The Court of the Council in the Dominion and Principality of Wales, and the Marches of the same, commonly called the Council of Wales and the Marches () or the Council of the Marches, was a regional administrative body based in Ludlow Castle within the Kingdom of England between the 15th and 17th centuries, similar to the Council of the North. Its area of responsibility varied but generally covered all of modern Wales and the Welsh Marches of Shropshire, Herefordshire, Worcestershire, Cheshire and Gloucestershire. The City of Bristol was exempted in 1562, and Cheshire in 1569.

History

15th century
The Council was initially responsible for governing the lands held under the Principality of Wales, the lands directly administered by the English Crown following the Edwardian conquest of Wales in the 13th century. In 1457, King Henry VI created for his son, Prince Edward, a Council to rule Wales and the Marches, Cheshire, and Cornwall.

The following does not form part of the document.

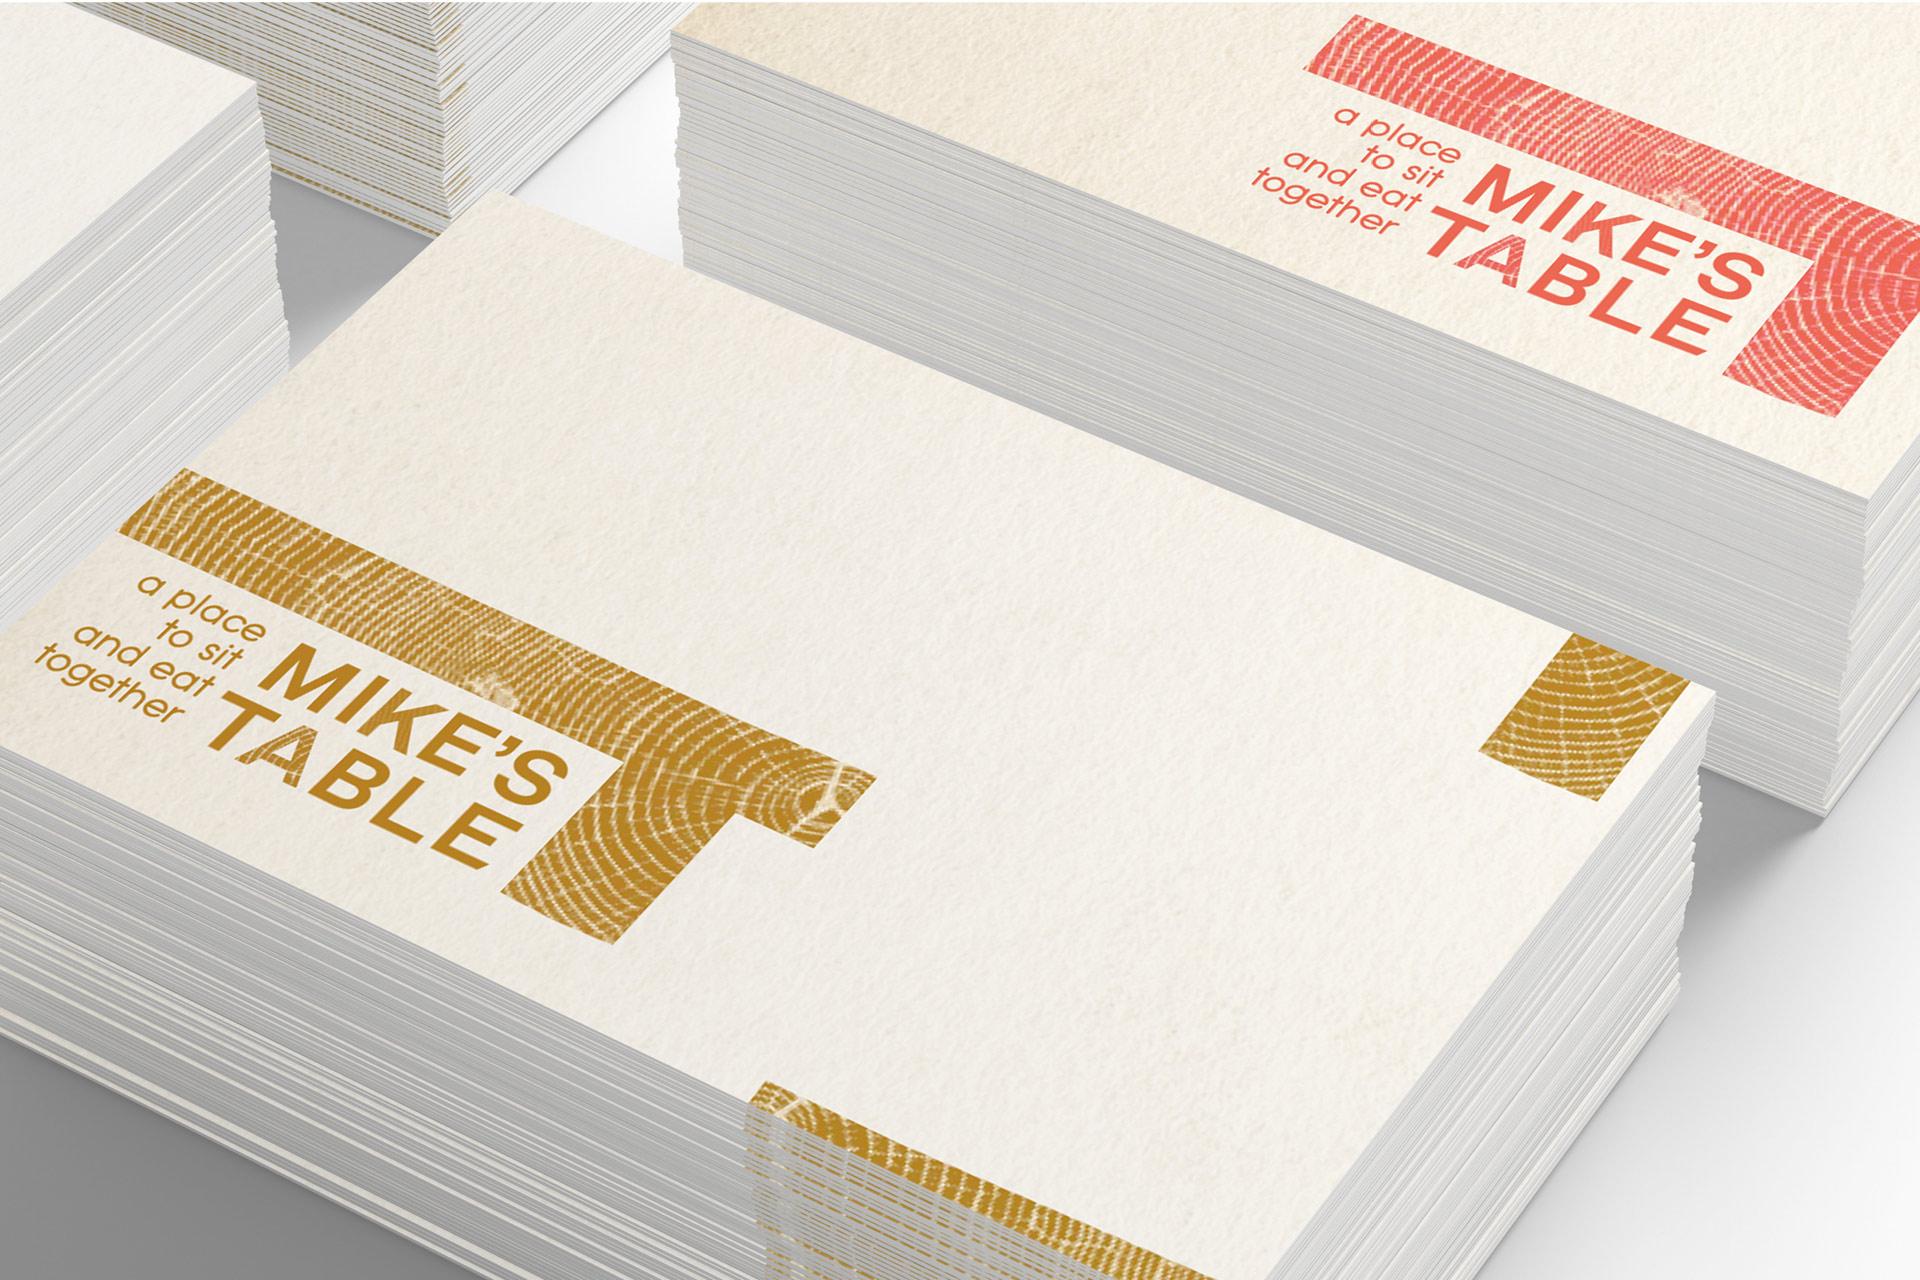 leesimmons-home-mikes-table-branding-visual-identity-design.jpg

It was re-established by Edward IV of England as a body to counsel and act on behalf of his son, the infant Edward, Prince of Wales. King Edward had recently been restored to the monarchy during the Wars of the Roses, and he and his allies controlled most of the marcher lordships within and adjoining Wales. He established his son at Ludlow Castle, and appointed his allies from the Woodville and Stanley families as leading figures in the Council.

16th century
The Council continued after the death of Edward IV and the disappearance of his son. Under Henry VII, the Council was responsible for acting on behalf of his sons as successive Princes of Wales, first Arthur and then Henry.

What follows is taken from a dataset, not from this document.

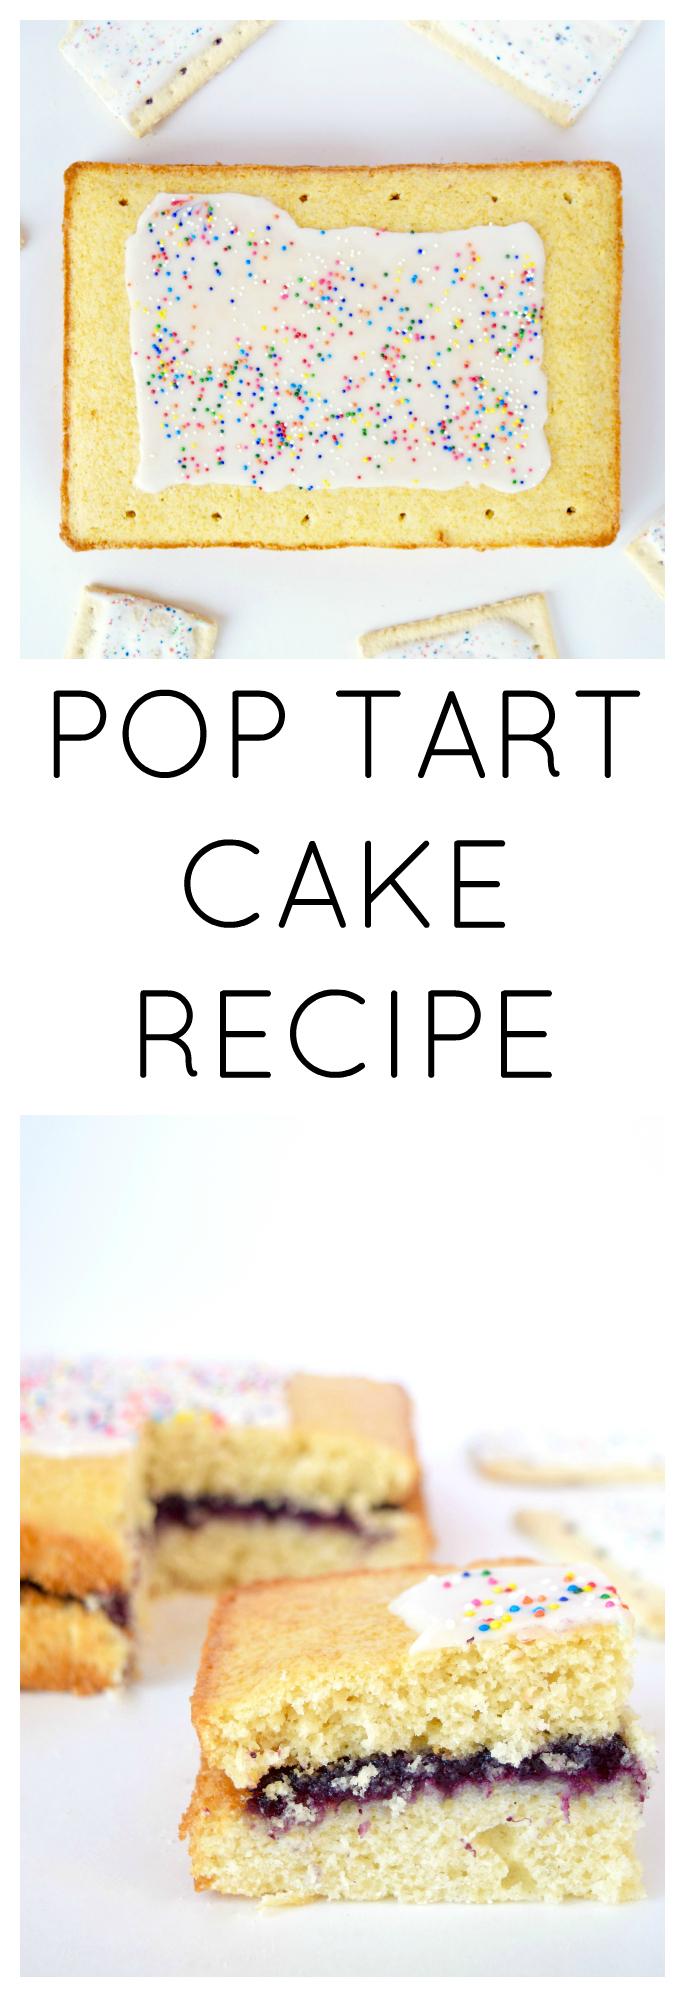 POP TART CAKE RECIPE

The second Laws in Wales Act of 1542 gave the Council statutory recognition; it had previously been based solely upon the king's prerogative. The full Council was composed of the Lord President and his deputy, with twenty members nominated by the king; these included members of the royal household, some of the bishops of Wales, and the justices of the Court of Great Sessions. It continued to sit at Ludlow, and had responsibilities for the whole of Wales together with the Welsh Marches. These were initially deemed to comprise Cheshire, Shropshire, Herefordshire, Worcestershire and Gloucestershire; the City of Bristol was exempted in 1562, and Cheshire in 1569. Worcestershire unsuccessfully attempted to free itself in 1576, and the Council's authority over the English counties was relaxed in 1606 but restored by royal decree in 1609.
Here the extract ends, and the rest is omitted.